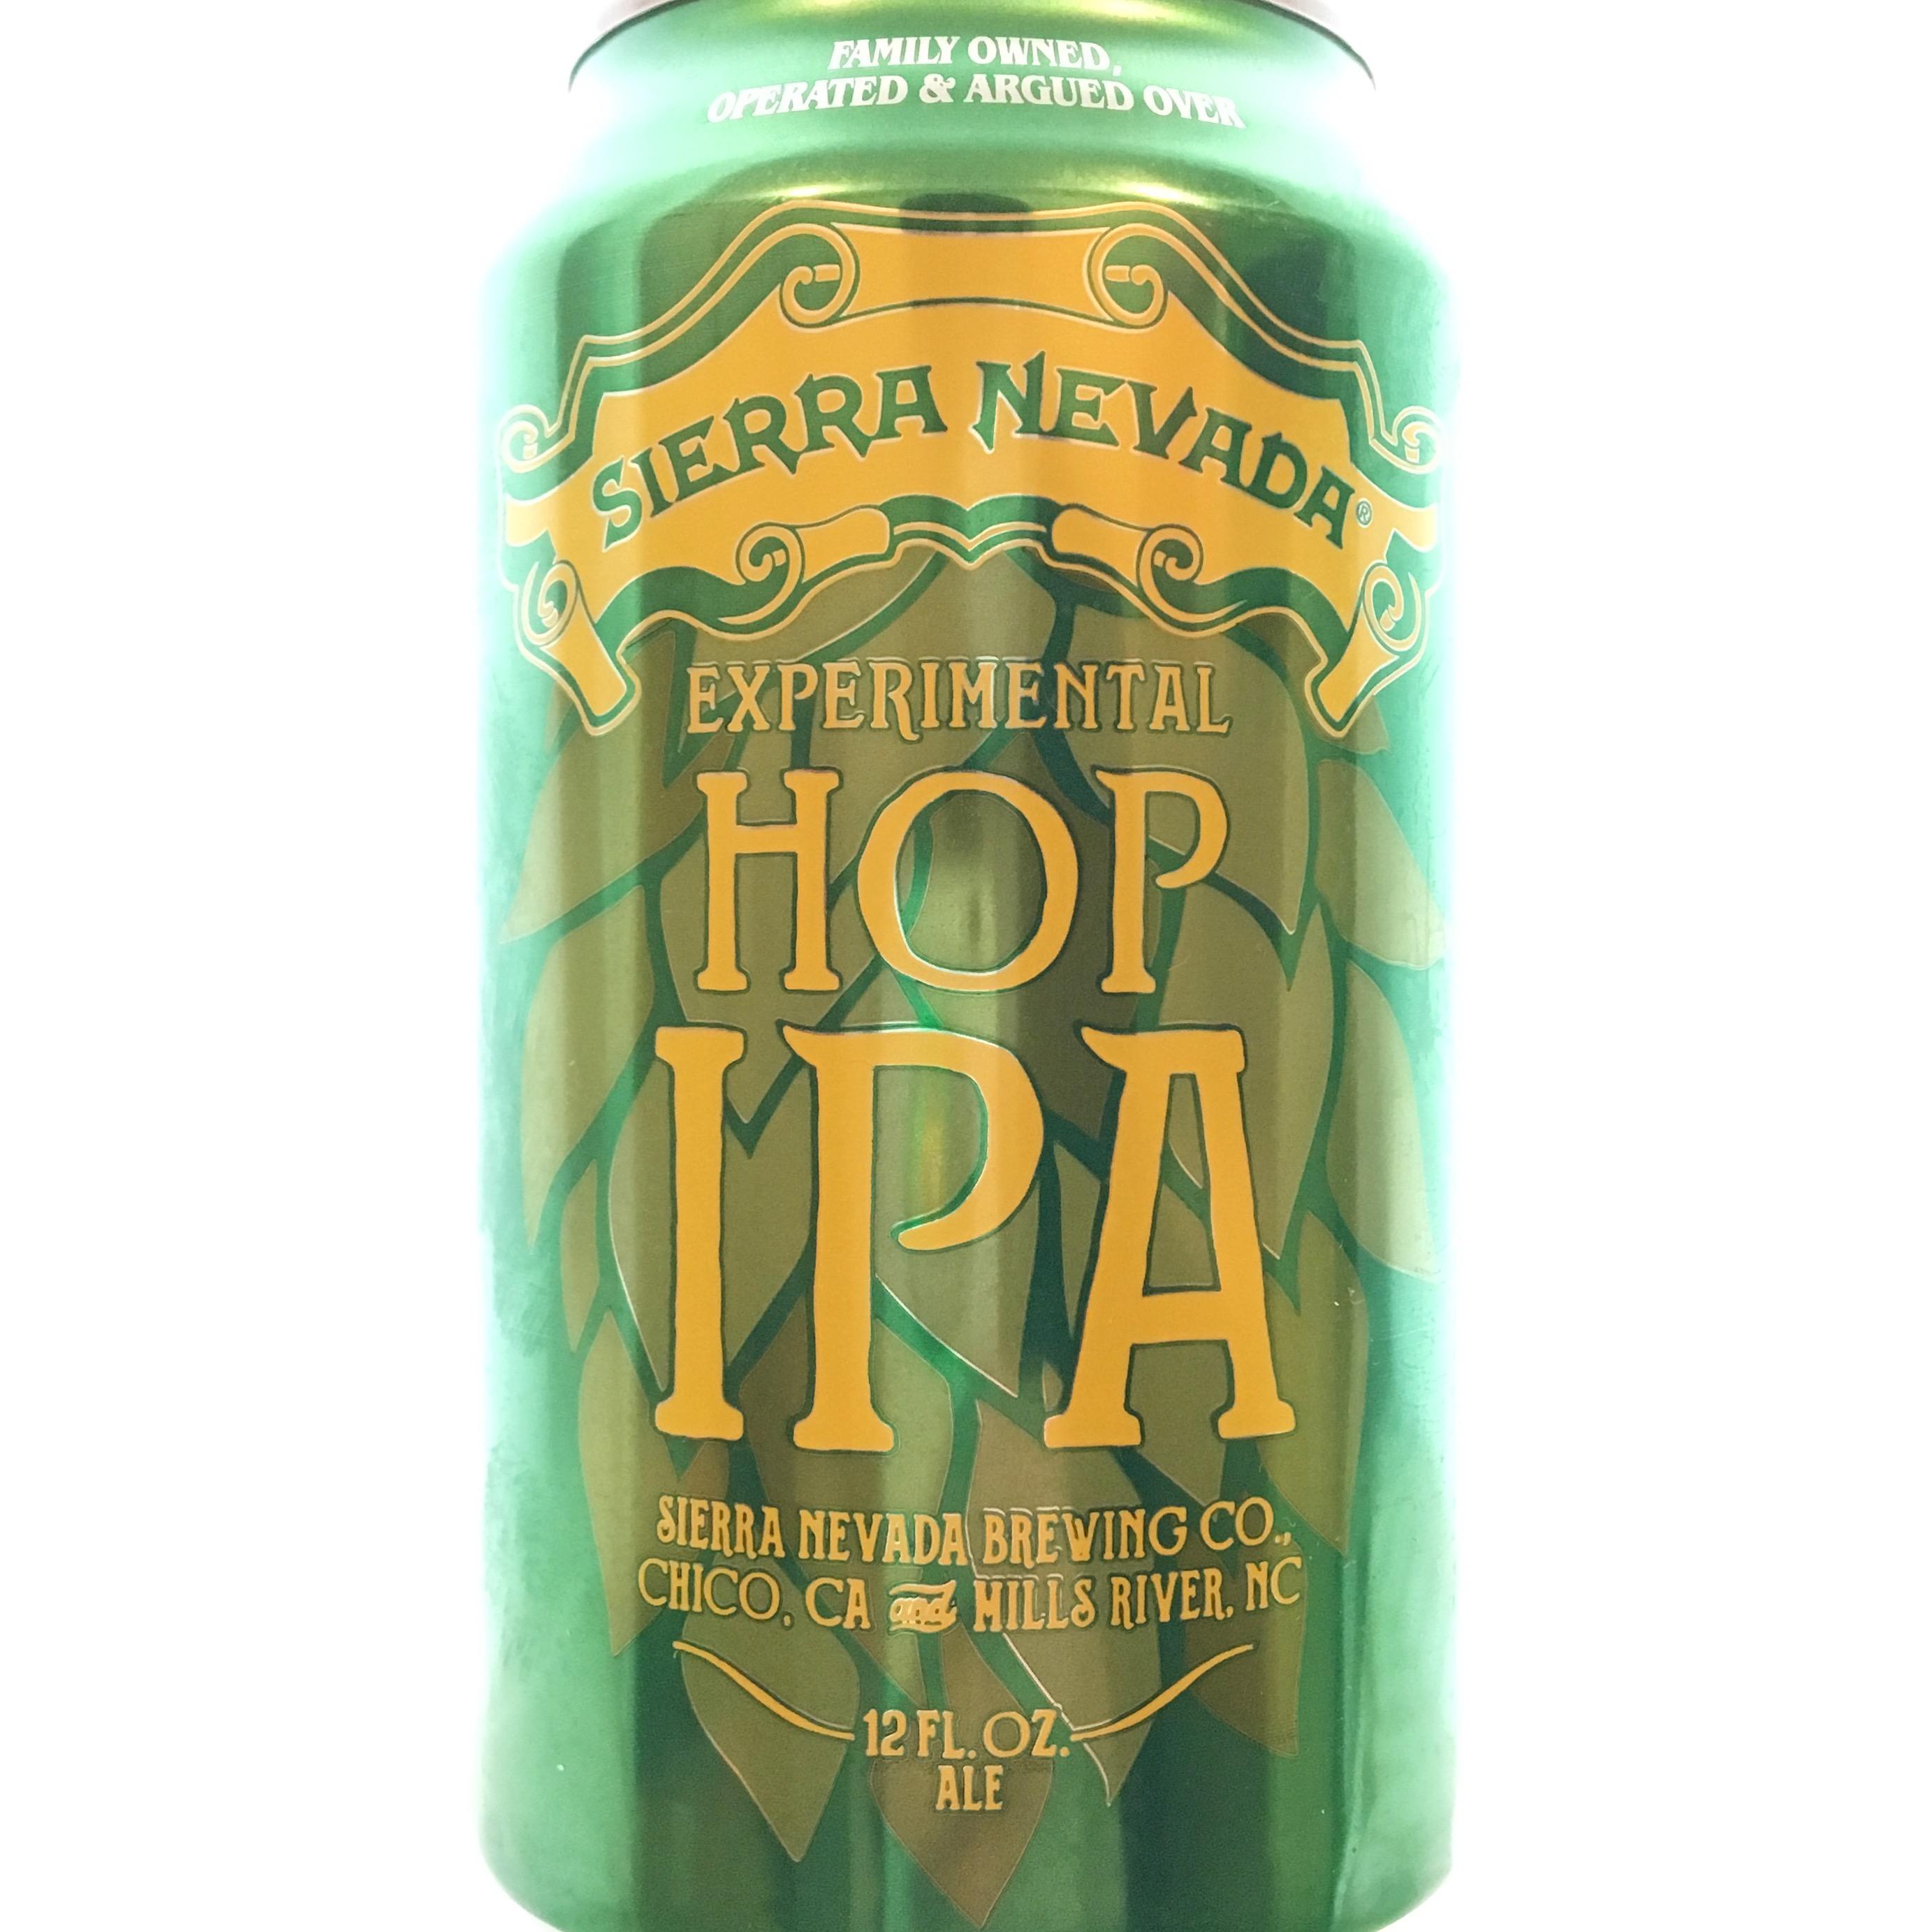 【クール便必須】 Sierra Nevada (シエラネバダ) Experimental Hop IPA (エクスペリメンタル ホップ IPA)缶 355ml
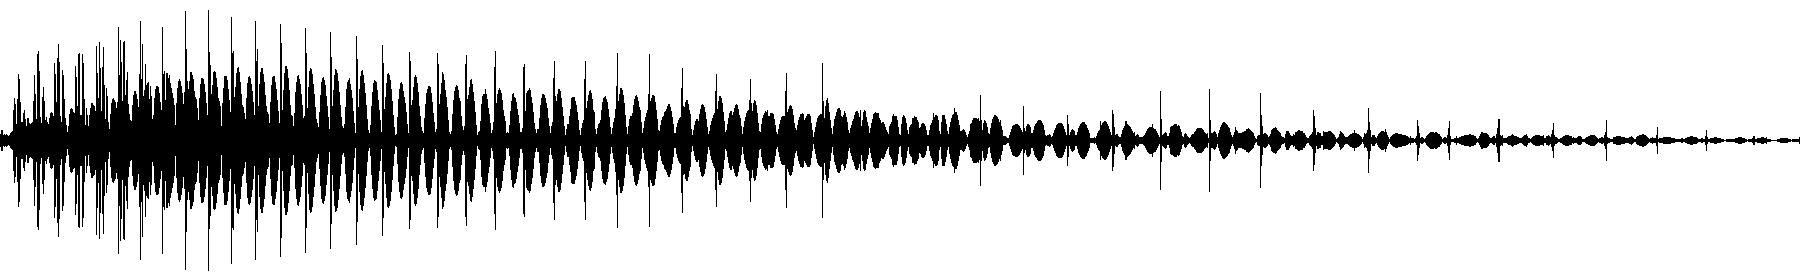 sound 8
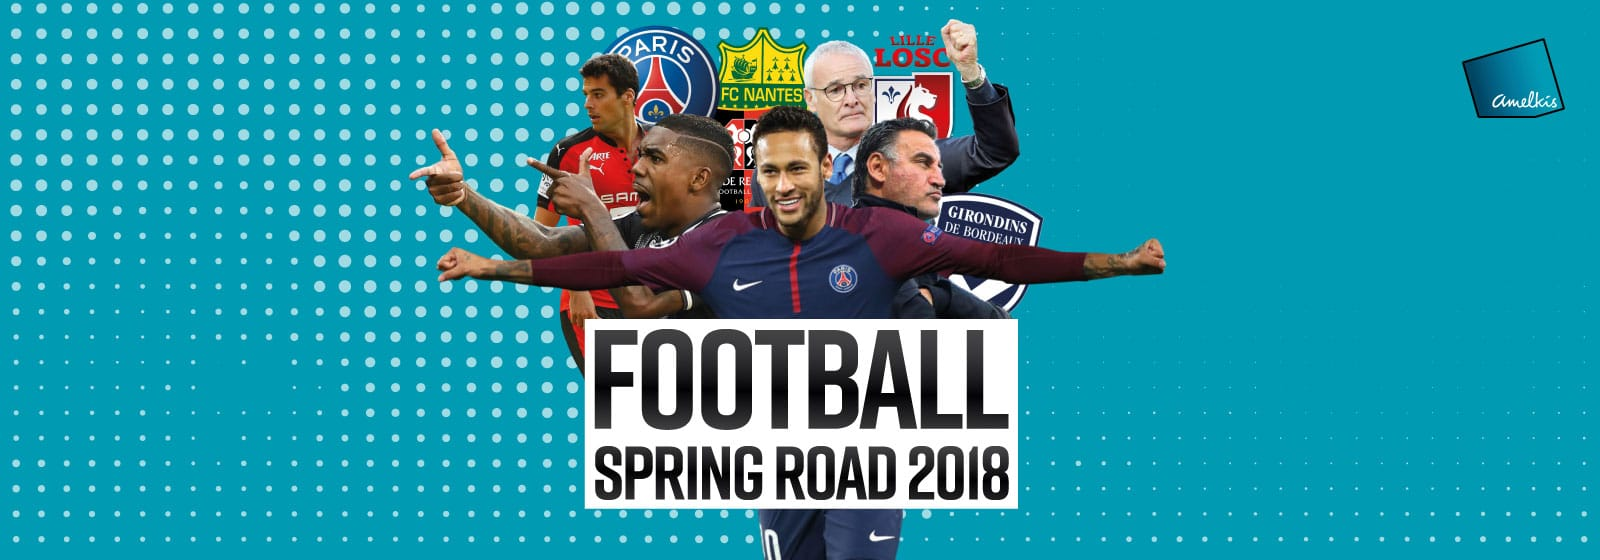 Notre Football Spring Road 2018 est un vrai succès !
******************************
- Exercise: Your answer must be the full listing, reproduced word for word, without its pictures.

- Written reply:
 【クール便必須】 Sierra Nevada (シエラネバダ) Experimental Hop IPA (エクスペリメンタル ホップ IPA)缶 355ml
 sound 8
 Notre Football Spring Road 2018 est un vrai succès !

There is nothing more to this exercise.